TinyStories Qwen3-MoE 1.95M (tinyqwen3moe2m) HF Validation Suite

This repository provides an ultra-lightweight Qwen3 Mixture-of-Experts (MoE) model file in Hugging Face / Safetensors format, trained to 100% convergence on the TinyStories dataset and optimized for inference engine testing, MoE routing verification, and automated CI pipelines.

Why this repository exists

When developing a custom Mixture-of-Experts (MoE) inference engine or optimizing low-level routing layers, debugging with full-sized models significantly slows down development efficiency. This suite offers a true 1.95M parameter scale Qwen3-MoE model, allowing developers to validate their top-k gates, token dispatchers, shared expert combinations, and YaRN RoPE scaling parameters step-by-step with maximum efficiency and verifiable natural language outputs.

Key Validation Targets

This model is specifically designed to expose architectural layout and edge-case calculation bugs in MoE pipelines:

  • Explicit Layer Topology (No Dynamic Extension): By explicitly defining num_attention_heads=8 and head_dim=32 in the configuration, a physical 256-dimensional q_proj layer is built directly. This eliminates the need for implicit, runtime 2x layer expansion logic and ensures a predictable memory layout during weight loading.
  • Q-Norm / K-Norm Structure Verification: Validates the application of Per-head RMSNorm directly to the Query and Key tensors prior to the core attention dot-product computation. This is a crucial native feature of the Qwen3 architecture to ensure mathematical stability.
  • Native YaRN RoPE Scaling Integration: Incorporates a true YaRN (Yet Another RoPE Extension) configuration (rope_scaling) with factor=4.0 and original_max_position_embeddings=64. This validates that the inference engine can accurately compute frequency adjustments across an expanded context window.
  • True 8:1 GQA Ratio: Implements an asymmetric configuration containing exactly 8 Query heads and 1 Key-Value head (num_attention_heads=8, num_key_value_heads=1). This checks that KV caching structures, stride calculations, parallel splits, and index handling process Grouped-Query Attention topologies properly without memory alignment failures.
  • Top-1 Gated Routing & Token Dispatch: Features a micro-MoE topology with exactly 2 local experts, routing 1 expert per token (num_experts_per_tok=1) across 6 deep transformer layers.
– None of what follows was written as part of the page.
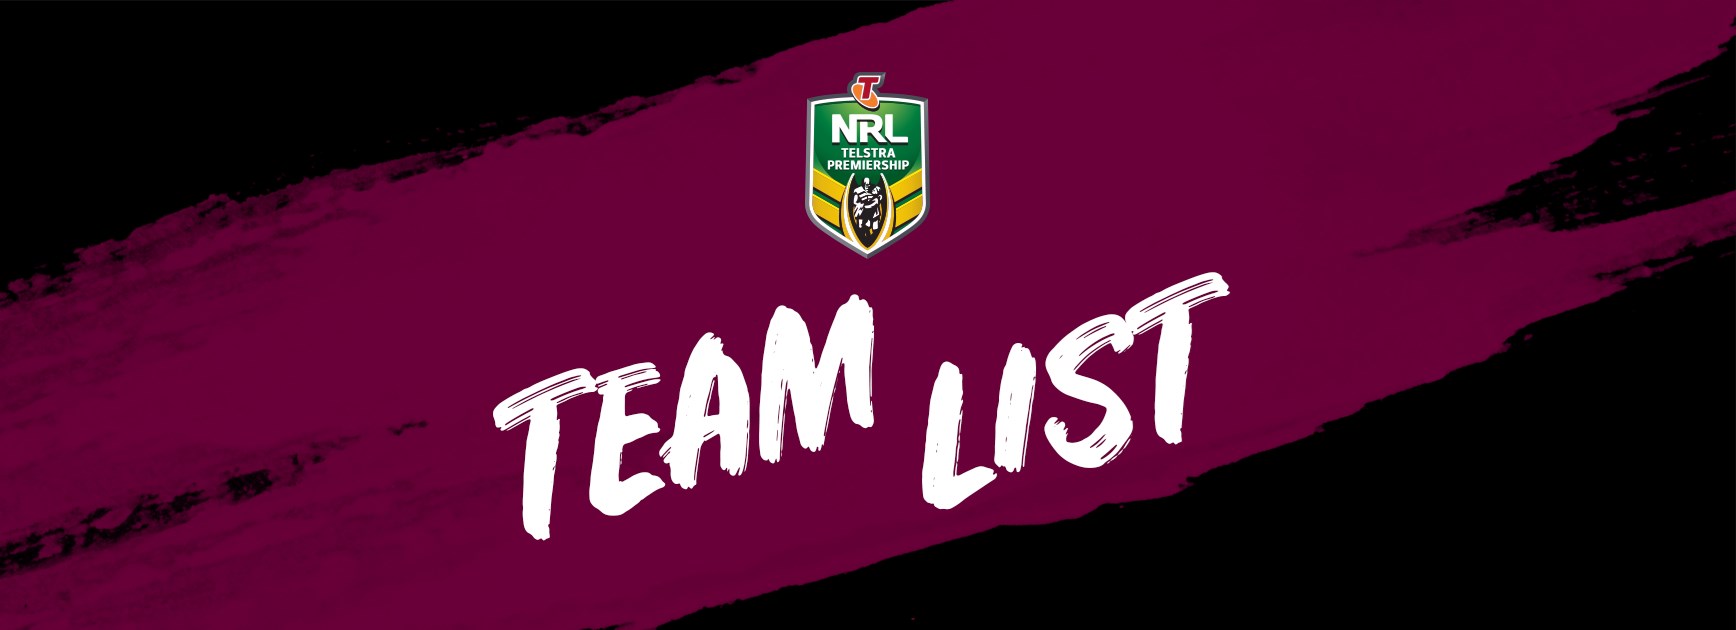 NRL Team List - Round 12
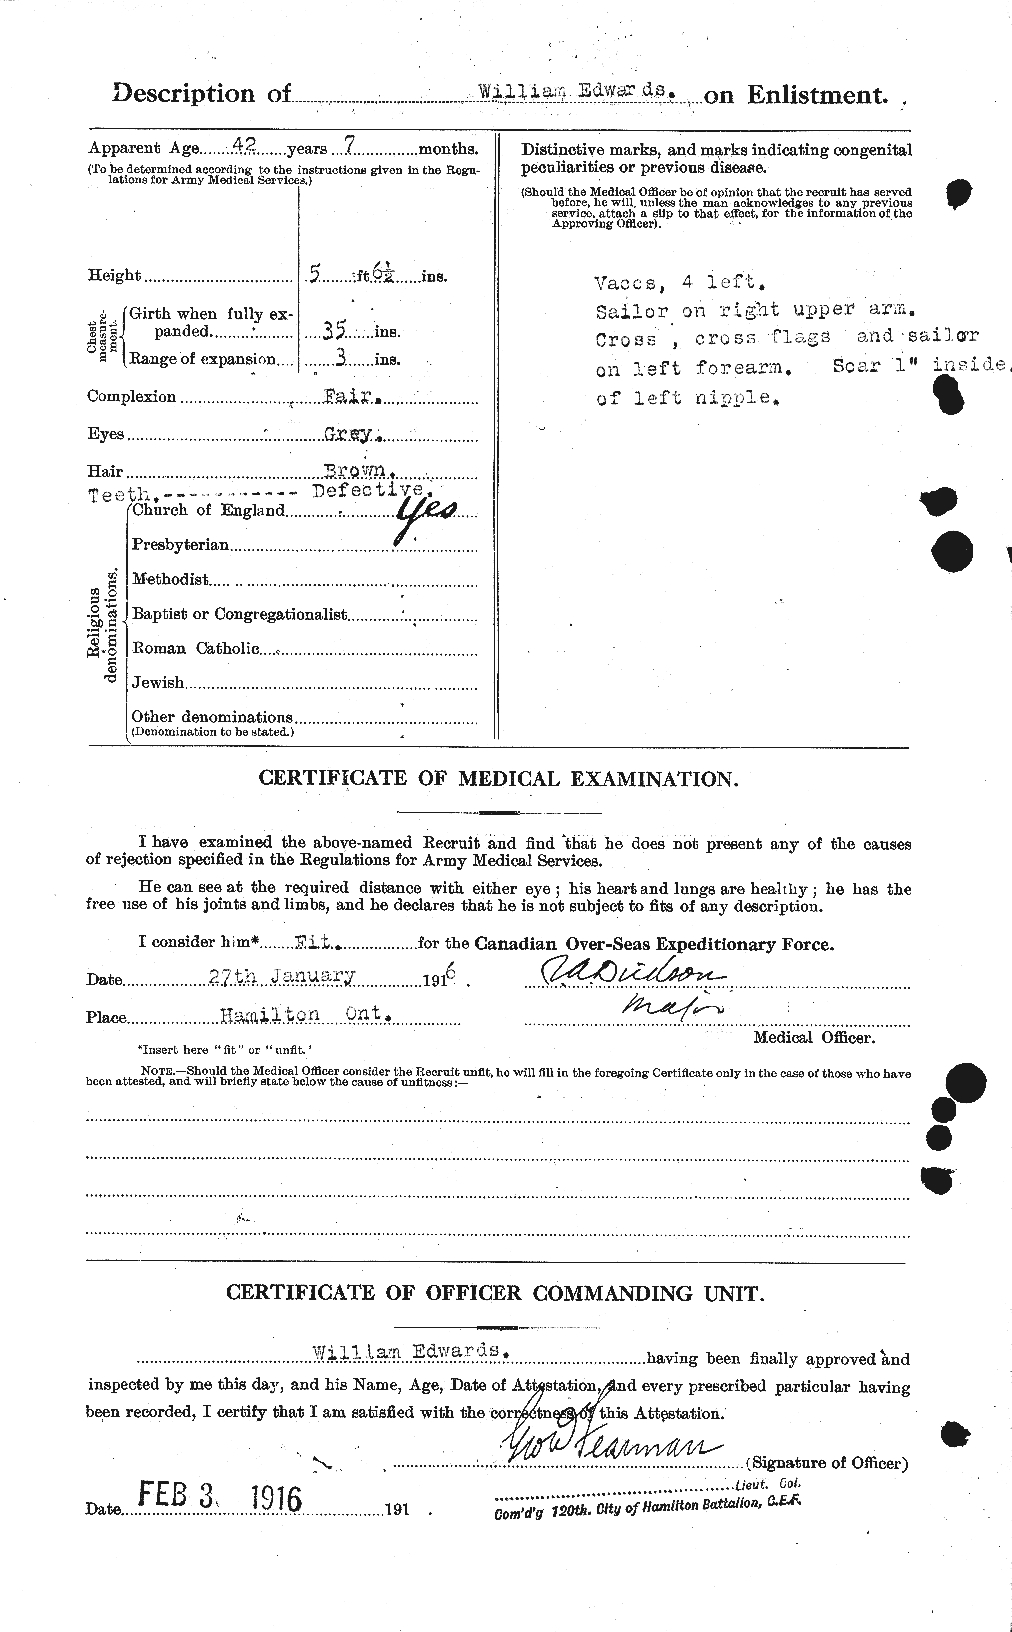 Dossiers du Personnel de la Première Guerre mondiale - CEC 310388b

This allows developers to strictly track and trace the accuracy of router logit probability flows, routing masks, and row-major tensor switching logic without heavy hardware memory tracking.
  • Shared Expert Isolation: Implements an explicit Shared Expert configuration with an independent dimension shape (shared_expert_intermediate_size=128). This helps verify whether the model correctly adds the non-gated common network baseline output onto the single gated routing expert output path without accumulation alignment bugs.
  • Continuous Packed Sequence Handling: The training pipeline utilizes a high-density token-packing algorithm, concatenating sample token continuous sequences separated strictly by control tags (<s> / </s>) into exact 256-block chunks. This is ideal for testing internal state boundaries, position indexing shifts, and sequence-packing continuous-attention masks in custom hardware layouts.
  • Layer-wise Projection Bias Verification ($\pm 0.2$ Uniform Range): Injected with a frozen constant random uniform bias range ($\pm 0.2$) inside q_proj, k_proj, and v_proj architectures. If an inference engine's dynamic lookup fails to map or slightly shifts these attention biases, the numerical discrepancy scales exponentially across the 6 network layers, immediately destroying greedy generation text into garbage within a few tokens.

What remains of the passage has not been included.